Second, suffering from an agoraphobia had a significant impact on how participants responded to the study. It is possible that this effect was overestimated because only very few participants did not meet the diagnostic criteria of an agoraphobia (n = 14) and, thus, variation in this fixed factor was low. Anyhow, other studies have found that agoraphobic avoidance at baseline leads to less improvement (e.g. Porter & Chambless, 2015). Future studies should further examine whether the self-management apps are equally suitable for individuals with panic disorder, agoraphobia, and both disorders. In this regard, future studies may also profit from a clinical evaluation of panic and agoraphobia symptoms next to the self-report by participants.

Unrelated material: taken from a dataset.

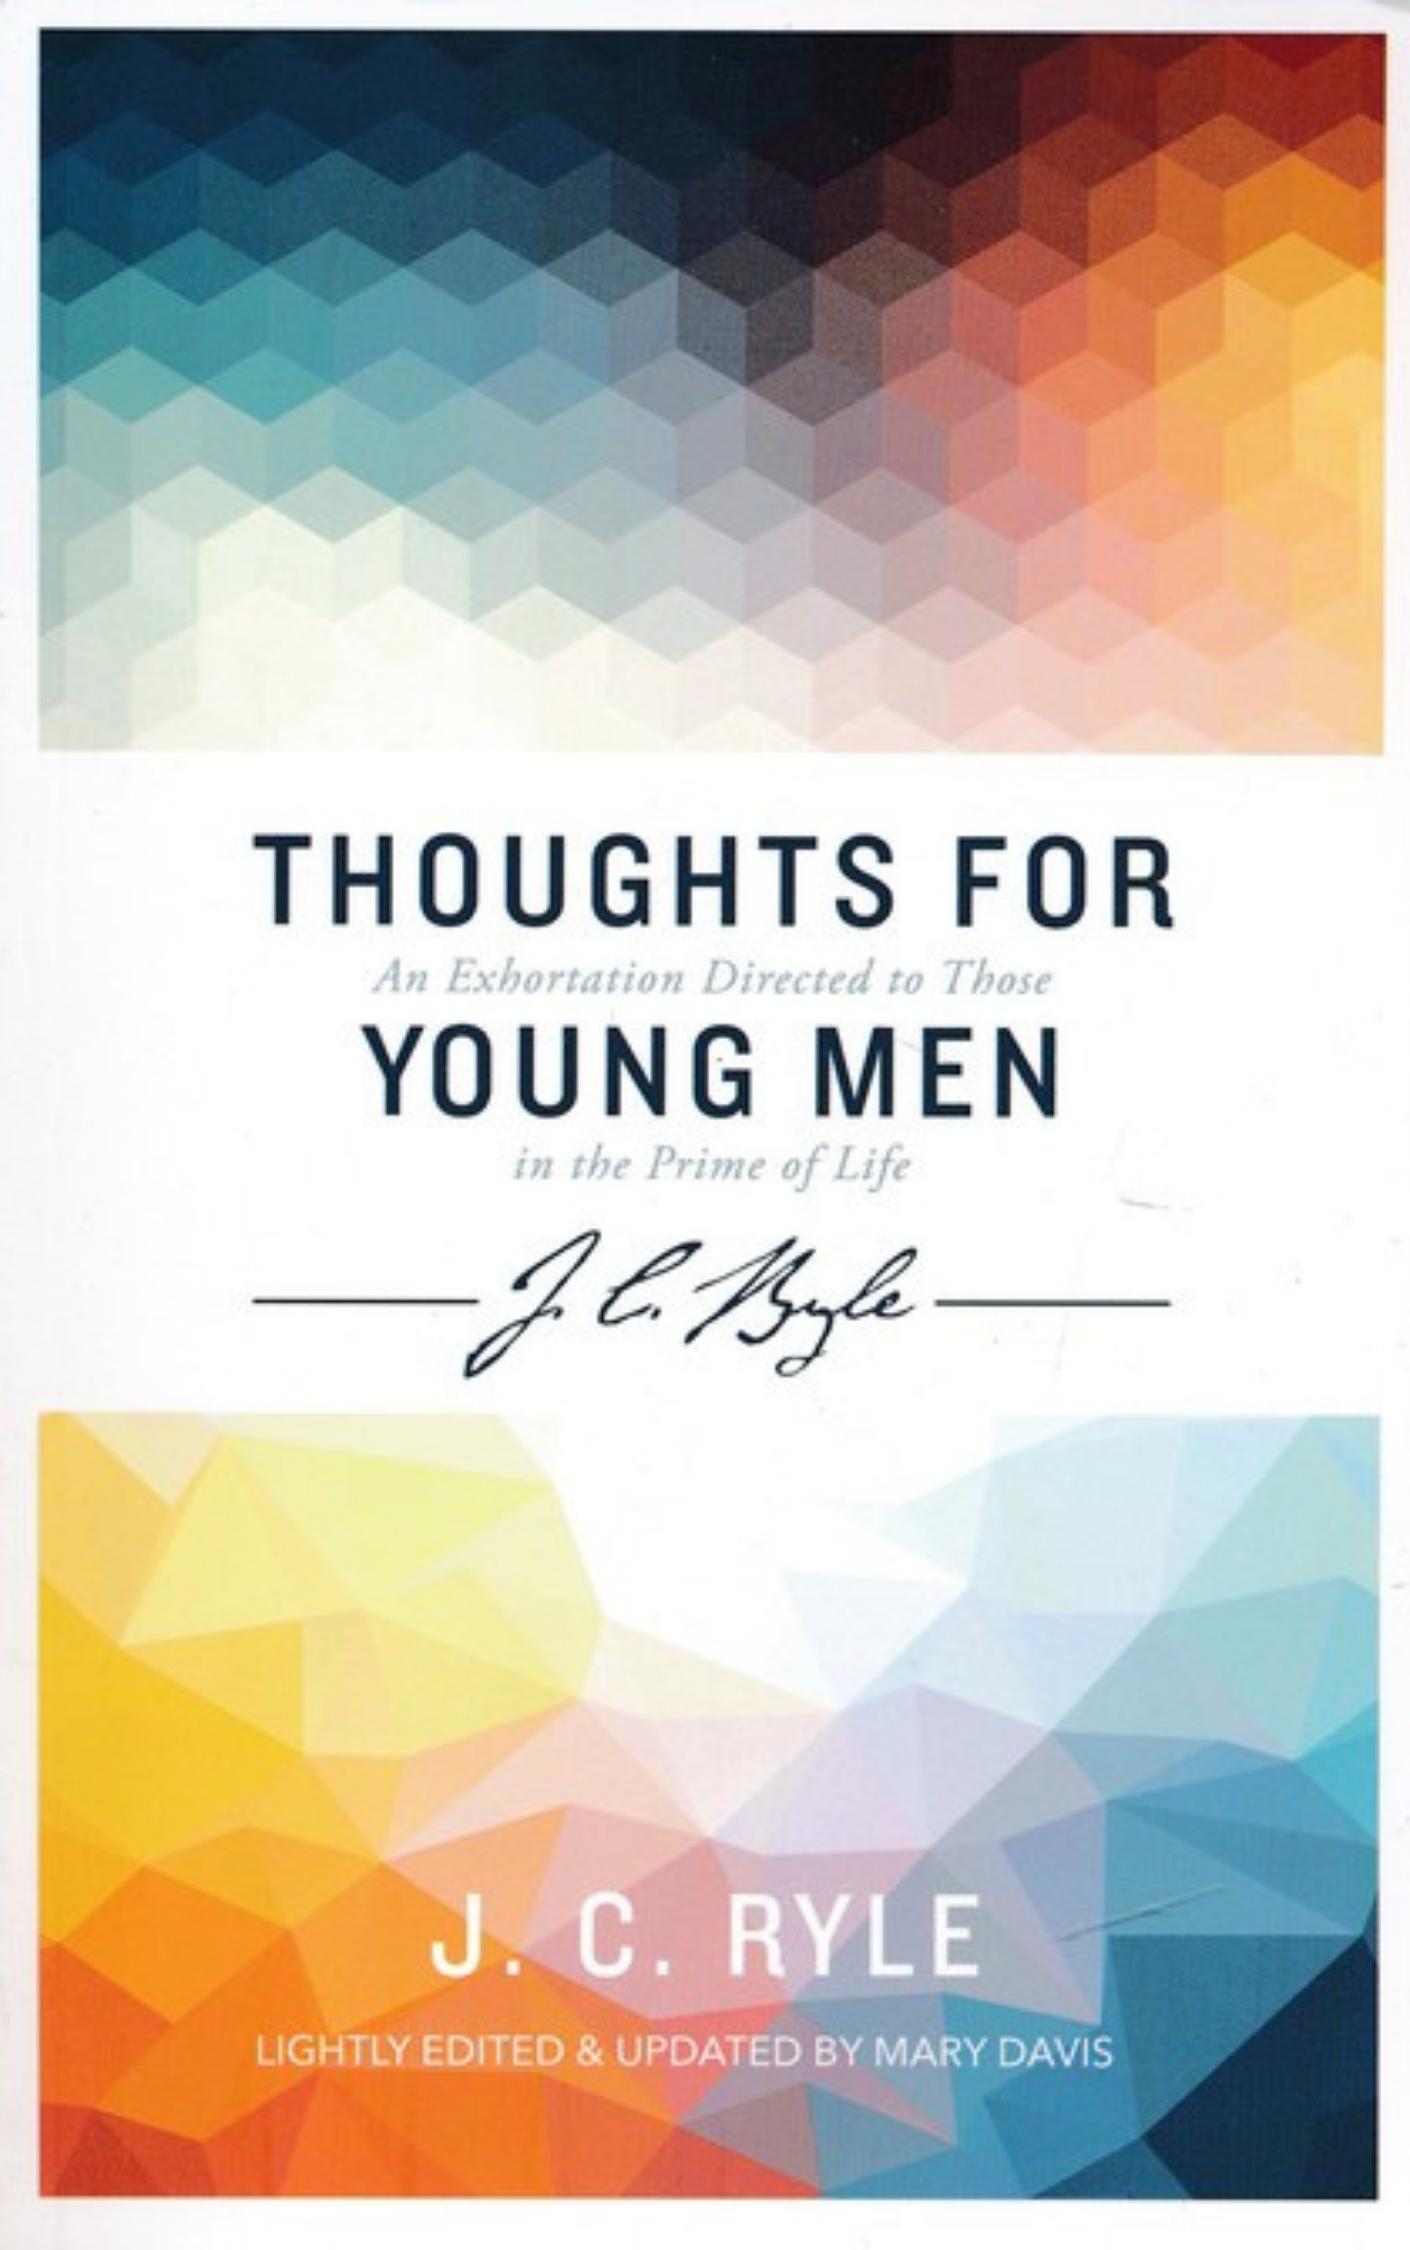 THOUGHTS FOR YOUNG MEN
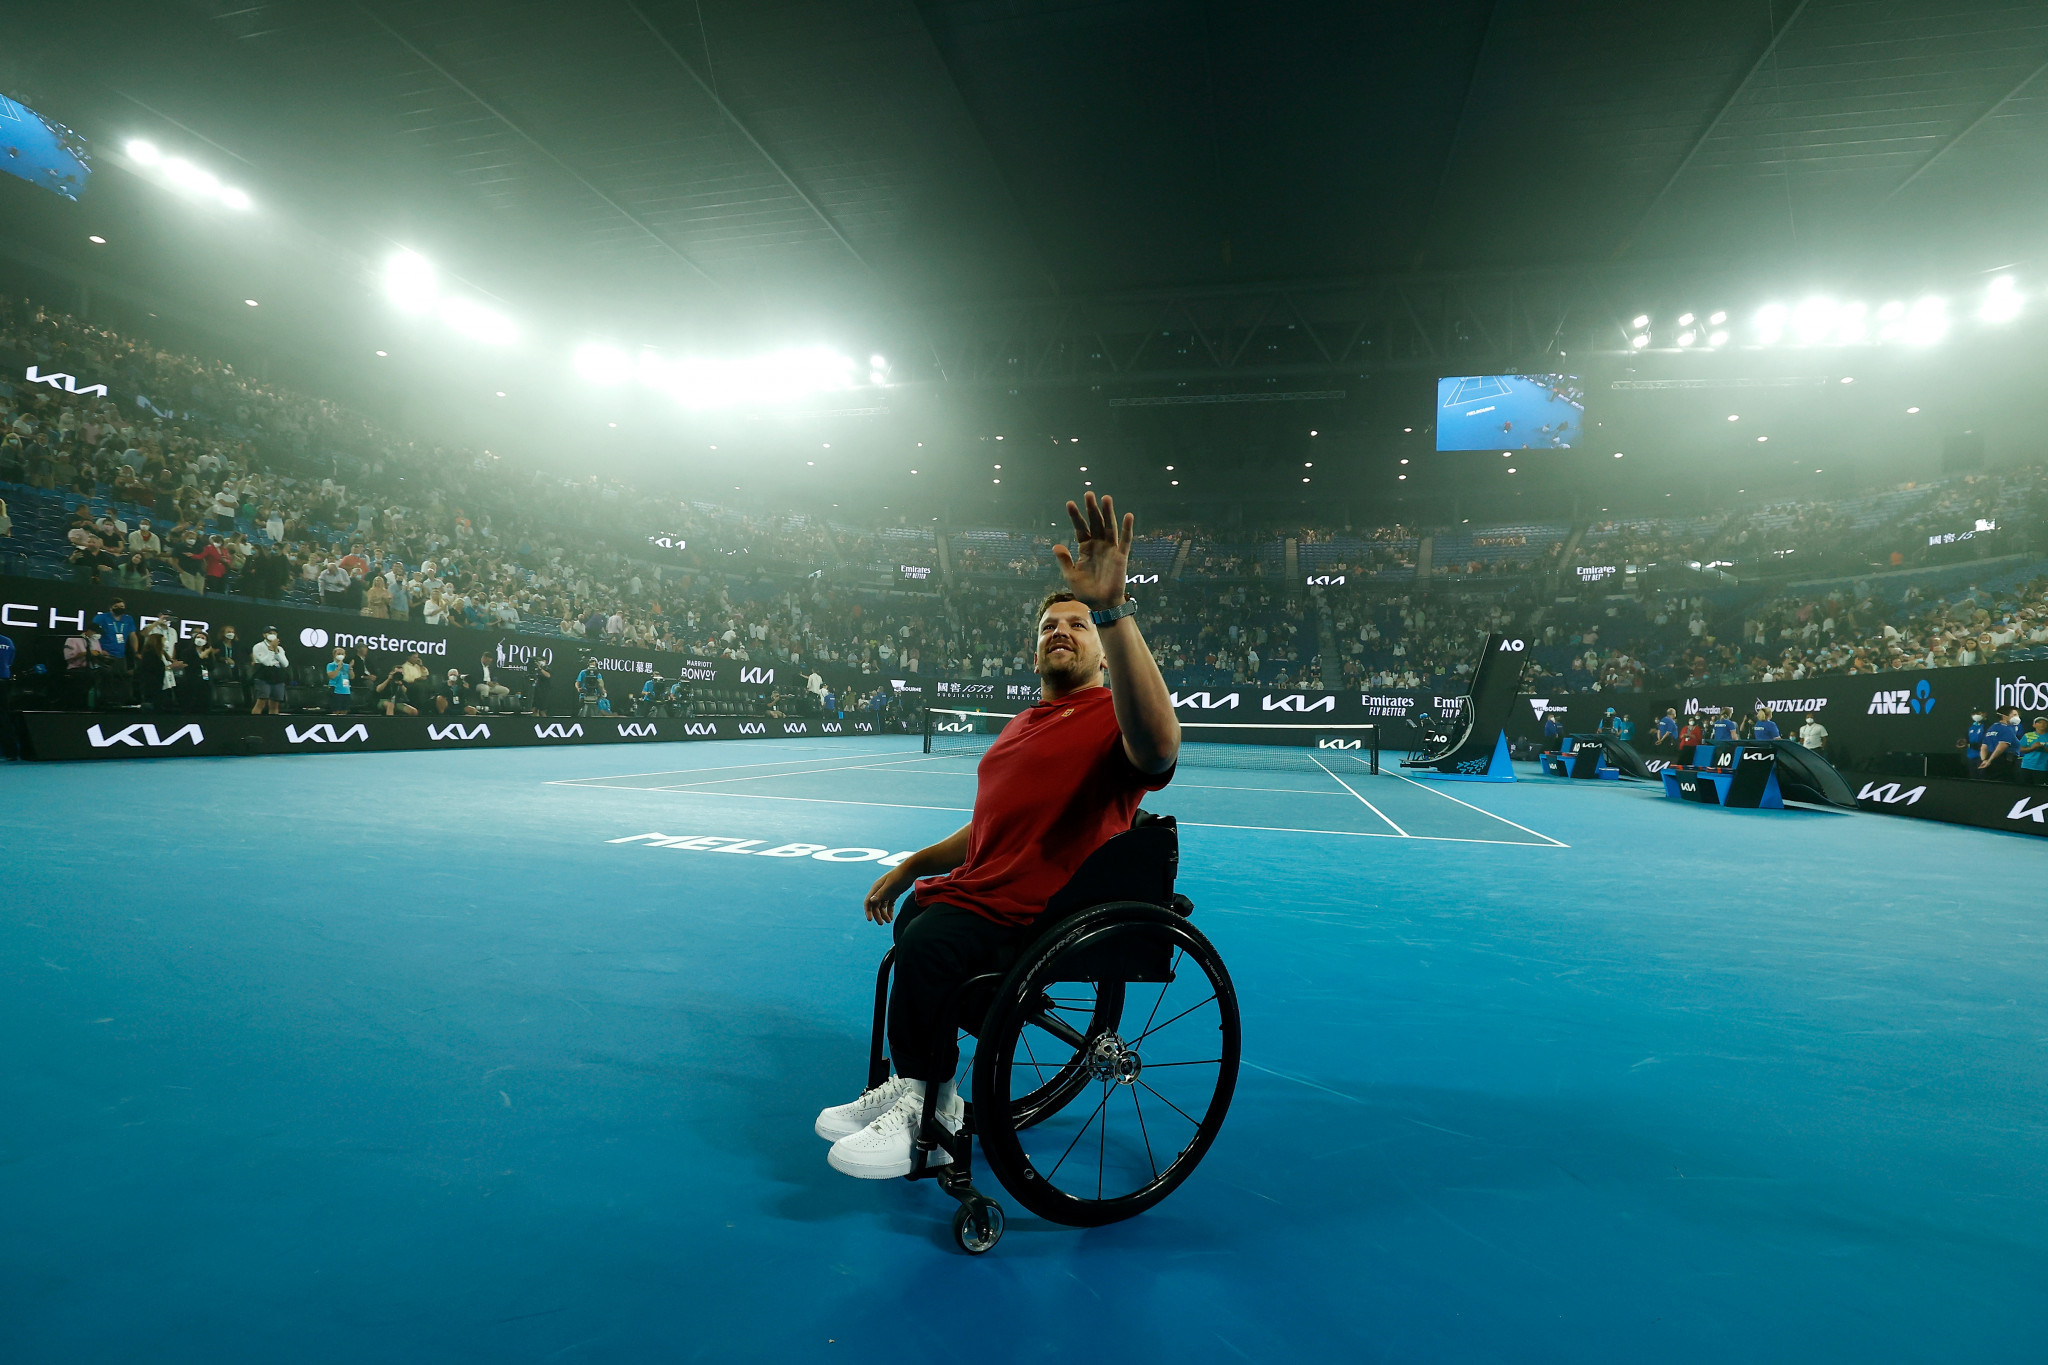 Dylan Alcott retired from wheelchair tennis after the Australian Open in January ©Getty Images

Third, it needs to be noted that even though the study was conducted under naturalistic conditions, the findings may be limited in their real-life applicability. Participants in our study had contact to professionals at baseline- and post-assessment. Research on DHA where participants could take part in studies without any contact with a researcher led to higher attrition rates compared to participants who at least had a telephone or an in-person interview with a researcher (Linardon et al., 2020). As the use of Mindable has a medical prescription as a prerequisite, this at least partially reflects naturalistic health care. Additionally, the app “Mindable” offers reminder messages because this has been shown to lead to lower attrition rates (Linardon et al., 2020).

A last, but serious limitation of the study is the lack of conclusive follow-up data. As participants in the waitlist group gained access to the app during the follow-up period, group comparisons at follow-up were not meaningful to analyze long-term effects. An exploratory analysis of follow-up data suggested that improvements in PD/A symptoms were not stable, as the PAS total score deteriorated from post to follow-up (Appendix E). As these analyses were based on a limited sample of n = 23 participants of the app group only, we cannot conclude whether this reflects an actual deterioration effect or an unspecific effect of time. These effects were also limited to the PAS; improvements in anxiety-related control beliefs remained rather stable, suggesting that participants had achieved confidence in coping with anxiety-related symptoms. However, there is a need for further studies specifically examining long-term effects of DHA, especially when using these strategies as part of a stepped care approach.

All in all, future studies should replicate the current study’s results and expand on them. For instance, follow-up analyses will be important to further be able to make assumptions on the long-term efficacy of using a self-management app for treating PD/A symptoms. Further, interindividual variables should be examined to be able to make more solid statements on the mechanisms underlying the change in PD/A symptoms over time. It is of great importance to further examine how exactly which app module impacts which symptom and which therapeutic mechanism lies beyond the symptom improvements. Comparing the app effects to an active control group and examining whether the app might further enhance effectiveness of face-to-face therapy will also foster health care for anxiety disorders in the future.

Conclusions

In conclusion, the self-management smartphone app “Mindable” has shown to significantly reduce anxiety symptoms and to improve anxiety-related control beliefs in patients suffering from panic disorder and/ or agoraphobia. It is well accepted and easy to use. As no symptom remission could be achieved and the exploratory follow-up analysis indicated low stability in PD/A symptom change, this approach may be helpful for a stepped care approach for anxiety disorders taking limited treatment capacities into account.